◆ Work order
How many lines in the records below contain the word "Black"? Give only the number.

◆ Task inputs
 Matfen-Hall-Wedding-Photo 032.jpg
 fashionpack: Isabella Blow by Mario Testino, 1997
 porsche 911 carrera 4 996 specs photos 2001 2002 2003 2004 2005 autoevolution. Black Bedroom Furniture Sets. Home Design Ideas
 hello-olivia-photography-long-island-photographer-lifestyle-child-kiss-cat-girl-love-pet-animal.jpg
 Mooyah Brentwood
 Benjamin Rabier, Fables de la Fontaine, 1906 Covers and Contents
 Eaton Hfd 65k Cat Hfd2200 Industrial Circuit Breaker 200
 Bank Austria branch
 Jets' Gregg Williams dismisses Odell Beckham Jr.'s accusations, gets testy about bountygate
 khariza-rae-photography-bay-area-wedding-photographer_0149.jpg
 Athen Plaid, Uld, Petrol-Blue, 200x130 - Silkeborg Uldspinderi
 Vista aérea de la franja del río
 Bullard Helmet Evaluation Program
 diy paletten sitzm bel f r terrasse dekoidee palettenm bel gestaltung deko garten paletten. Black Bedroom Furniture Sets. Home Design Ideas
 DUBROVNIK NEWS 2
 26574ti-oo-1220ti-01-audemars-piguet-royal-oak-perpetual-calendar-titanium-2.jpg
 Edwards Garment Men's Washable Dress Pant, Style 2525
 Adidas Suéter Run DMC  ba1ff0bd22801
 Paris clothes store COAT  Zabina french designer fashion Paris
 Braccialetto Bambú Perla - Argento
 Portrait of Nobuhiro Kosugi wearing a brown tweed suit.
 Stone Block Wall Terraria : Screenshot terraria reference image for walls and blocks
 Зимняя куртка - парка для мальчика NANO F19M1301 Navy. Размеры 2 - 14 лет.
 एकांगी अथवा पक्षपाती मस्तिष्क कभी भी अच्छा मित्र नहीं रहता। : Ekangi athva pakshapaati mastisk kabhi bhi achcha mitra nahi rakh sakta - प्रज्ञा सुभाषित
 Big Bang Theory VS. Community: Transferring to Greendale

◆ Your solution
2